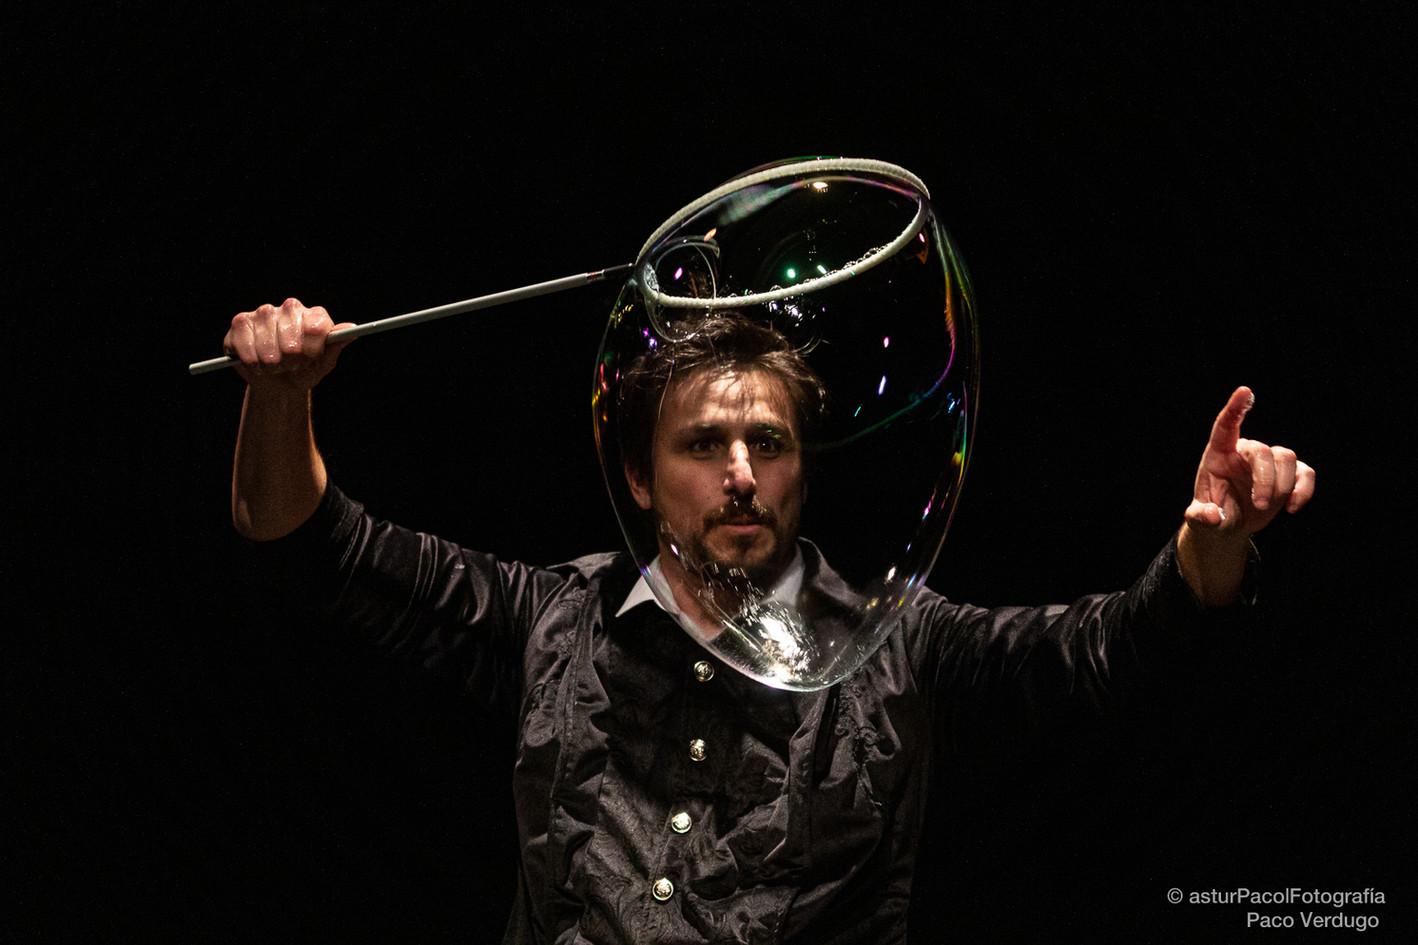 Preparando burbujas
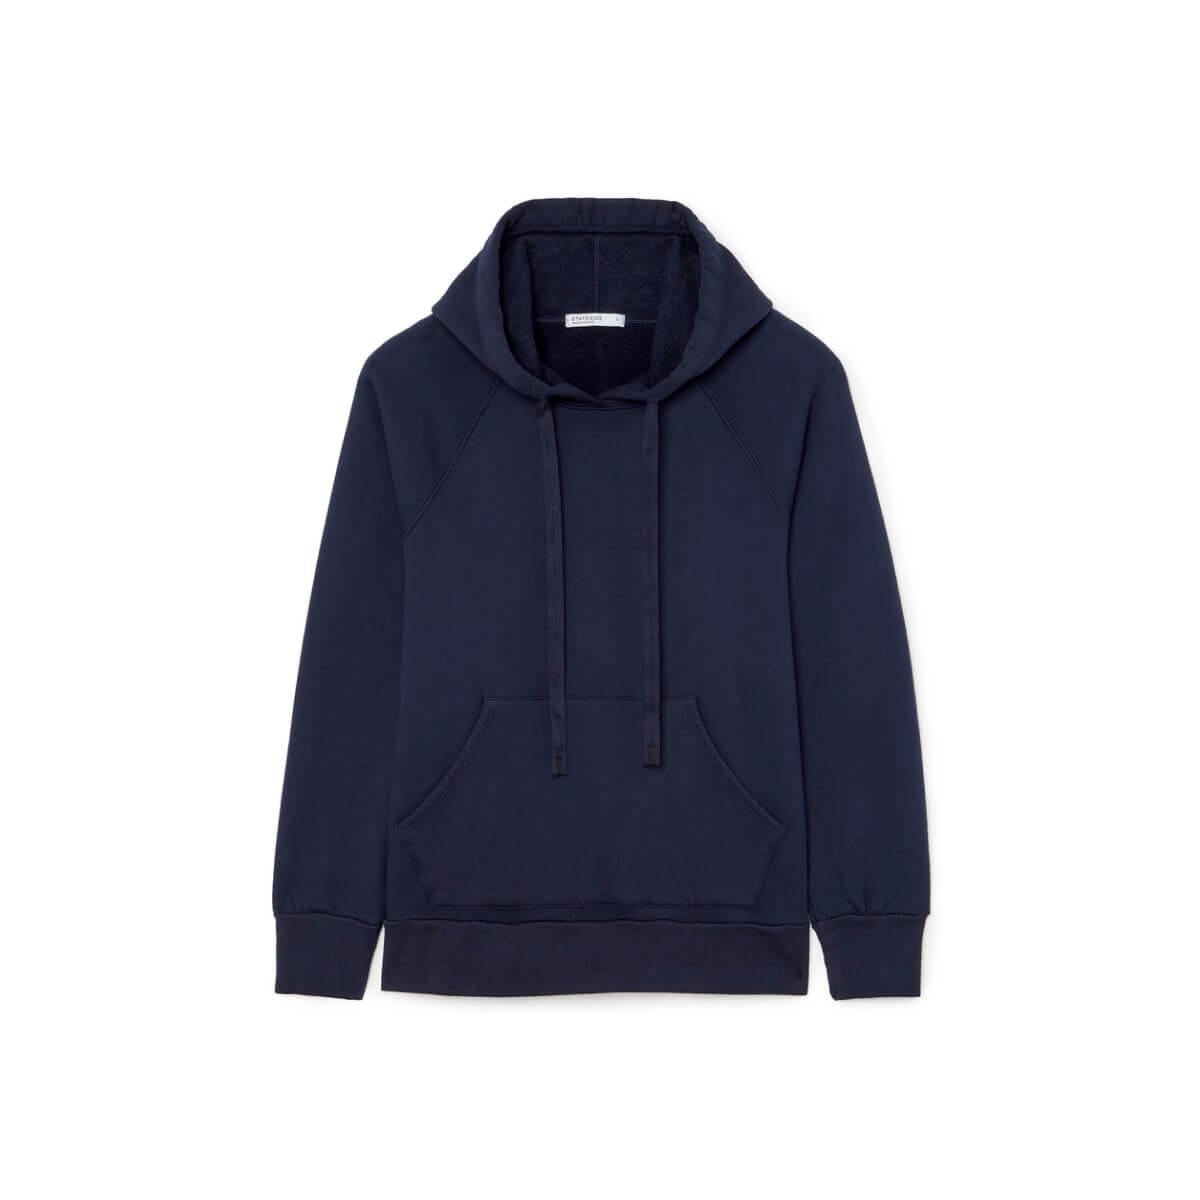 Stateside hoodie
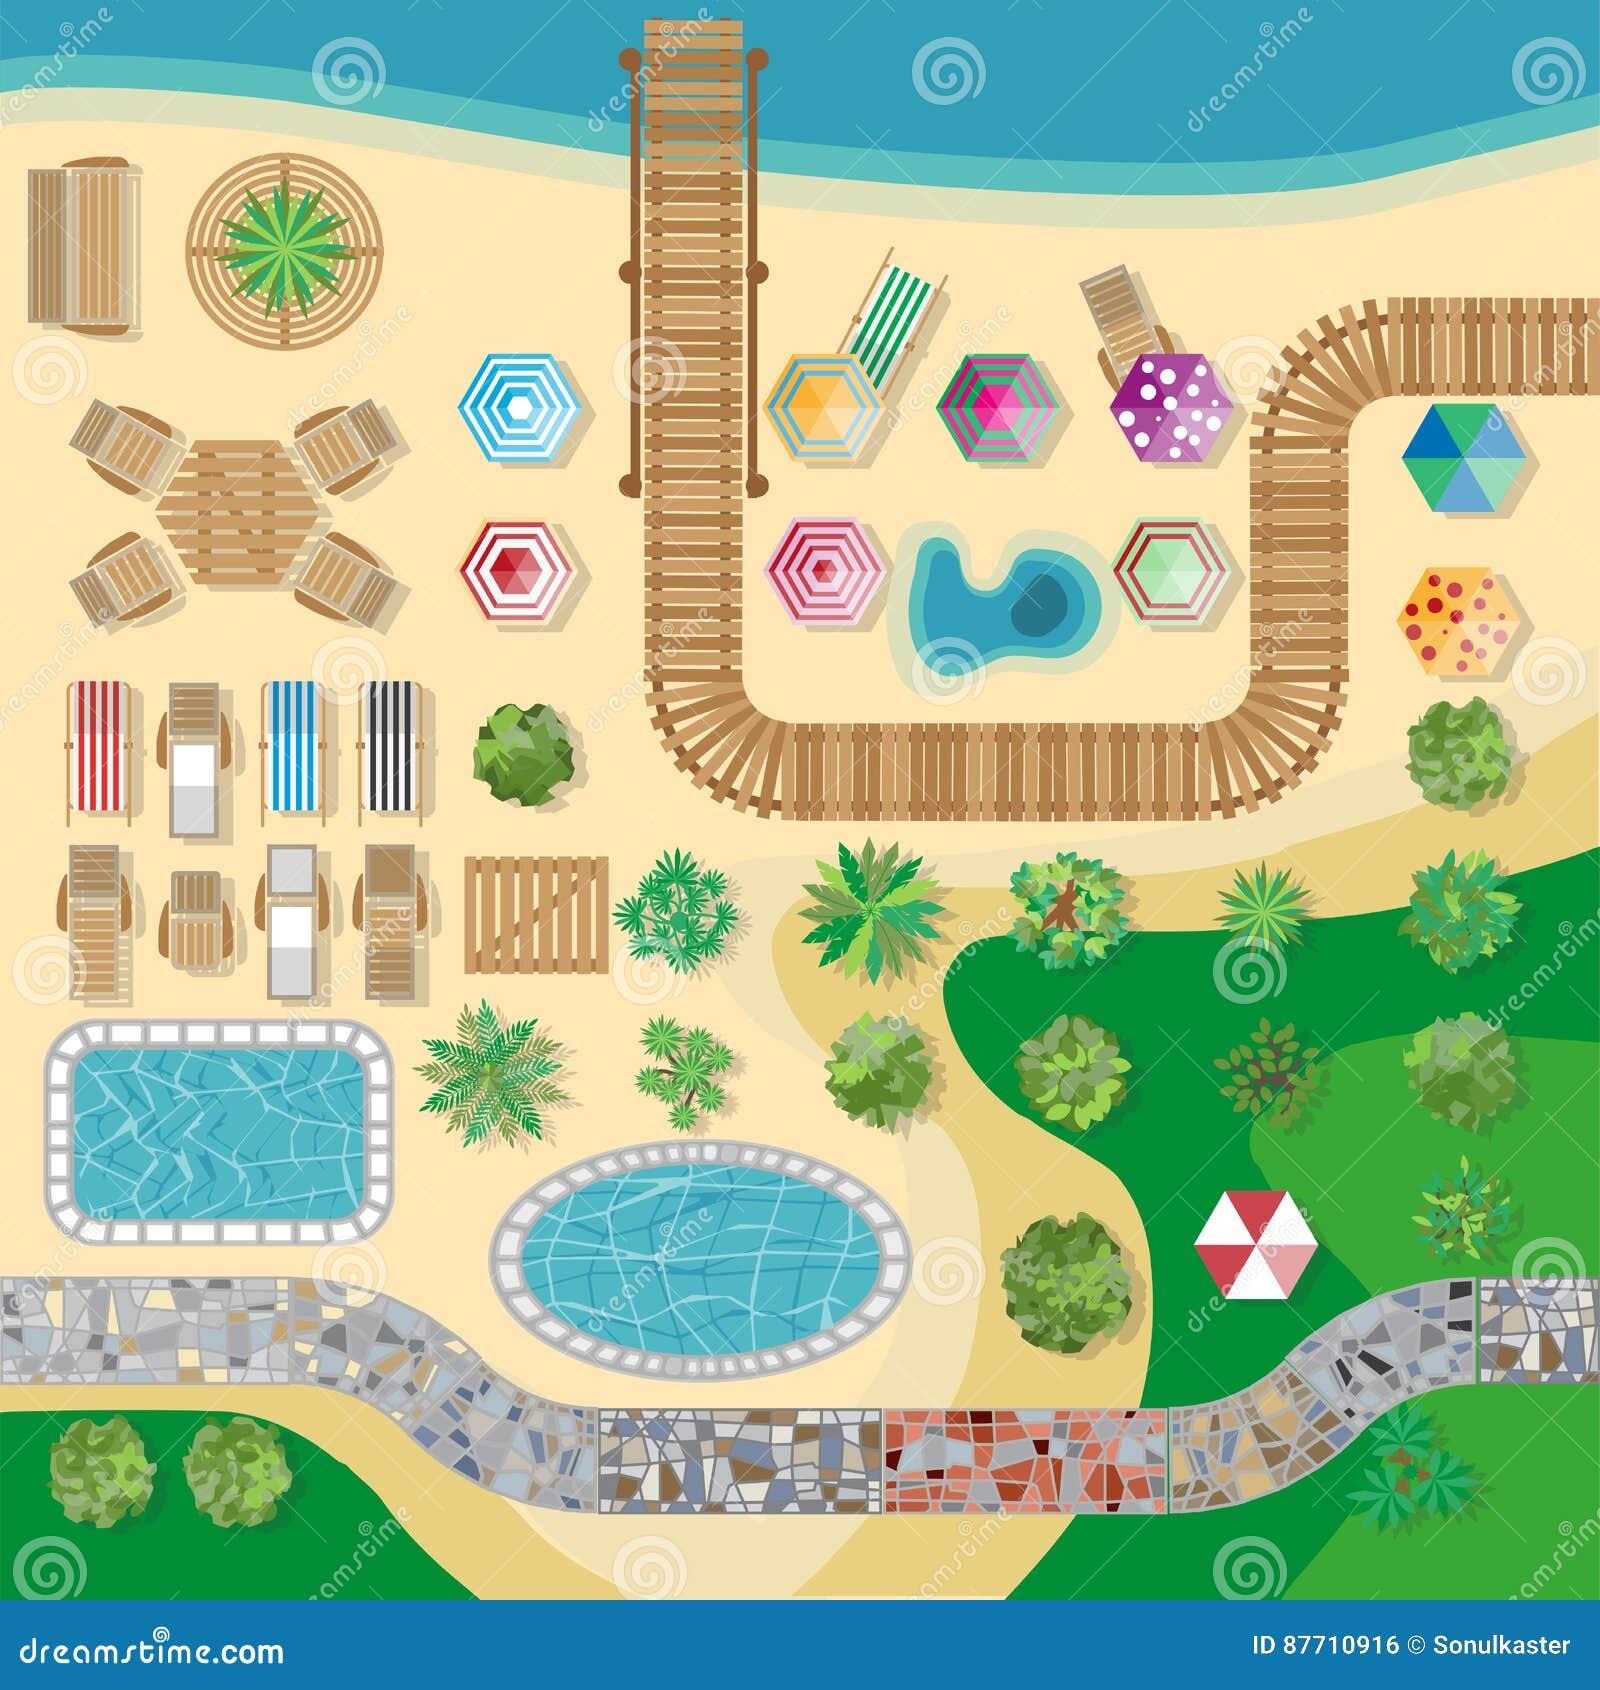 Swimming Pool Hotel Resort Vector Layout Template Stock Vector Illustration Of Resort Design 87710916
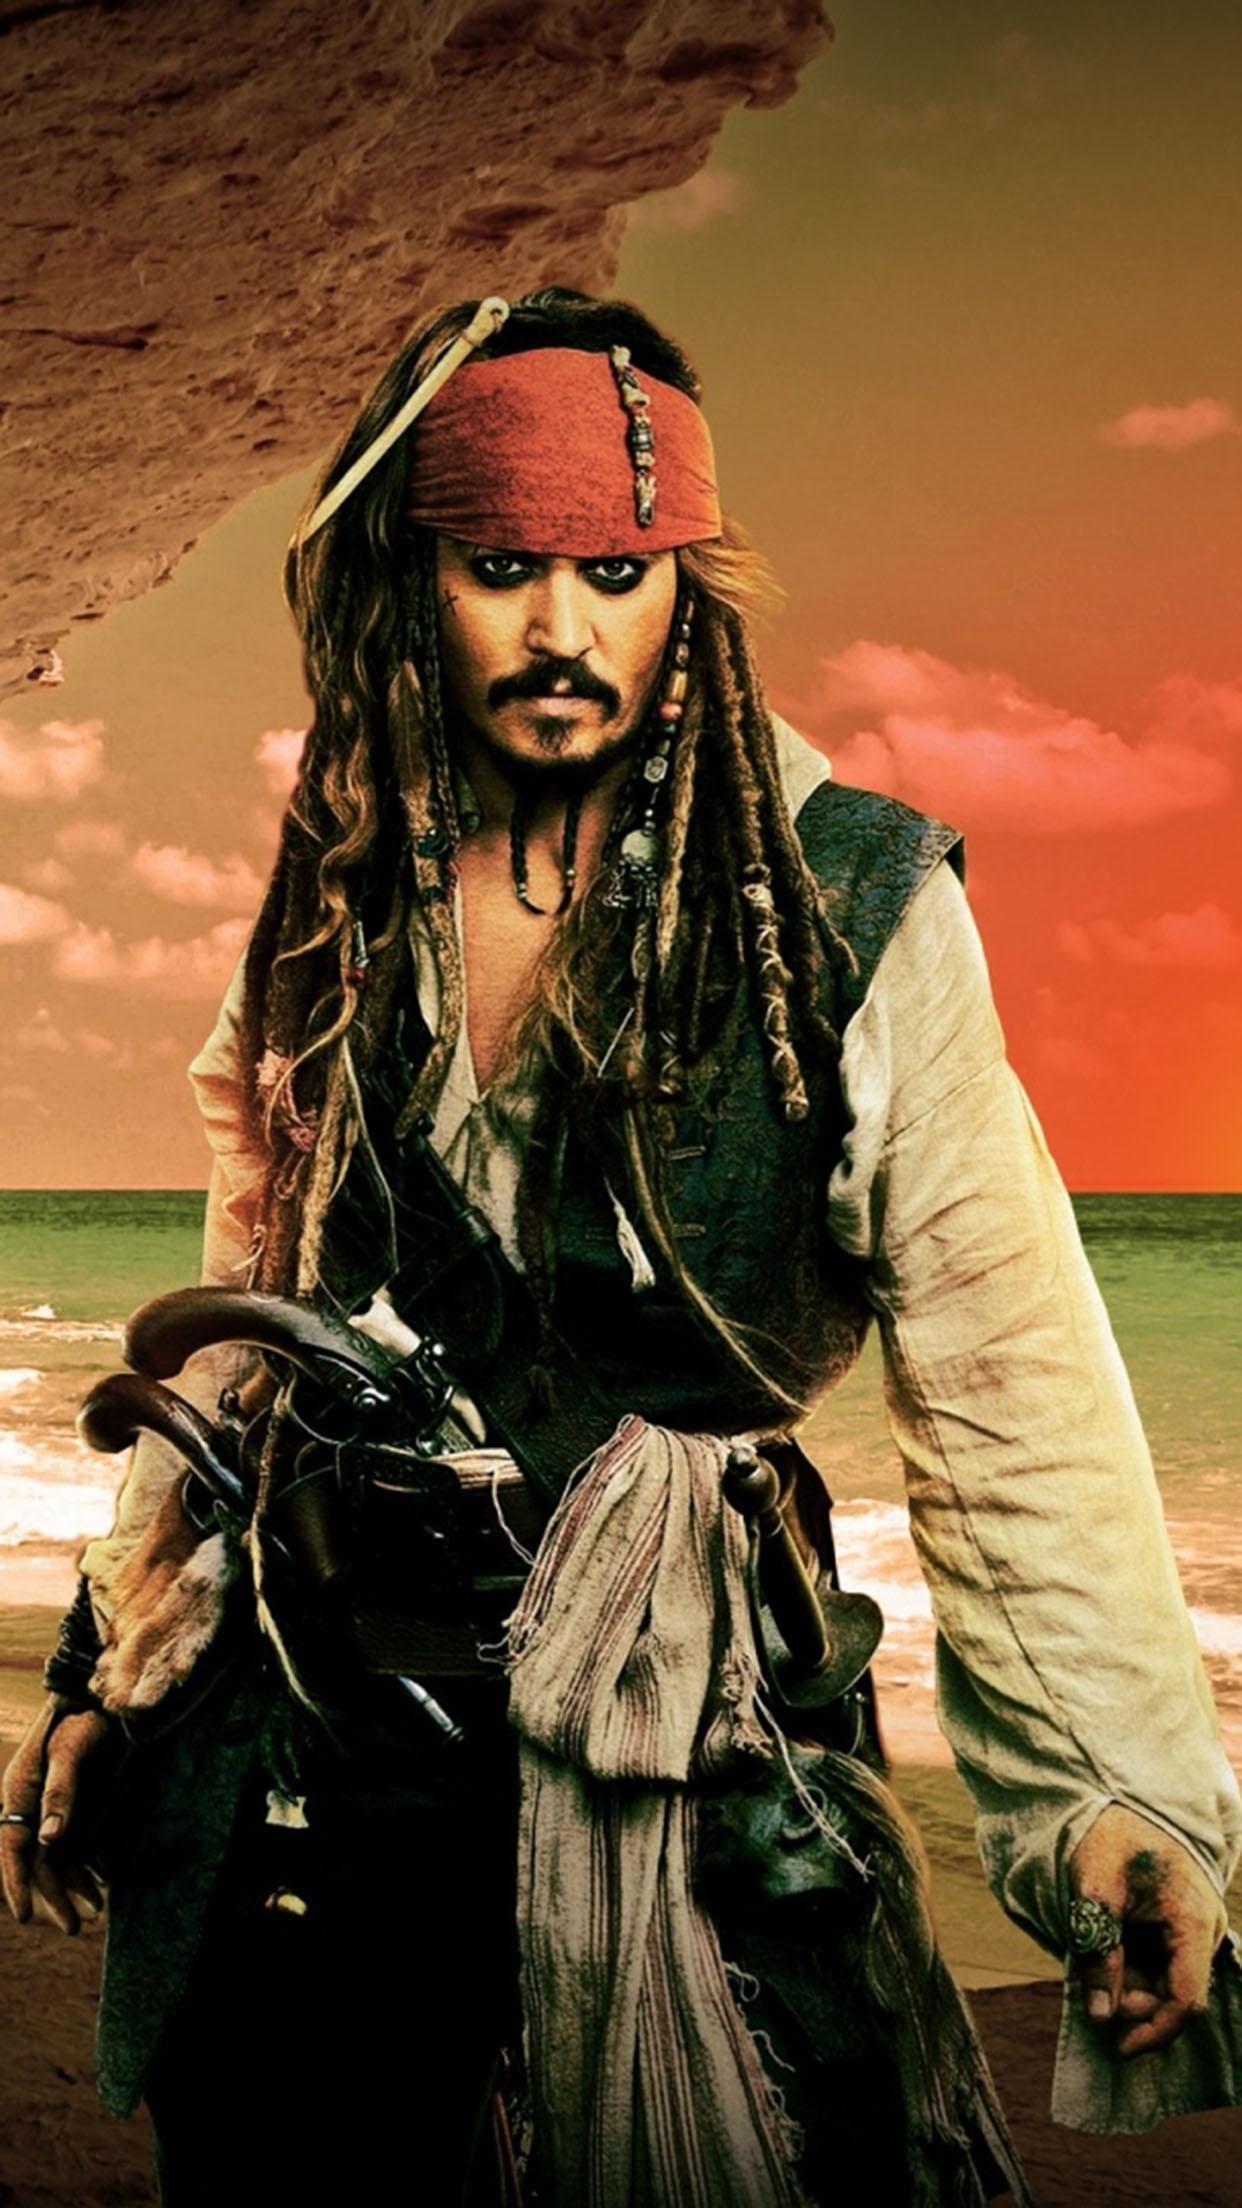 Captain Jack Sparrow Captain Jack Sparrow 3 3Wallpapers iPhone Parallax Captain Jack Sparrow 3

§ **Required action**
Take the line containing "Stateside hoodie" as the first line and the last line of the data above as the final one, and output exactly the lines between them, inclusive, with no pictures.

§ **Result of the exercise**
 Stateside hoodie
 Swimming Pool Hotel Resort Vector Layout Template Stock Vector Illustration Of Resort Design 87710916
 Captain Jack Sparrow Captain Jack Sparrow 3 3Wallpapers iPhone Parallax Captain Jack Sparrow 3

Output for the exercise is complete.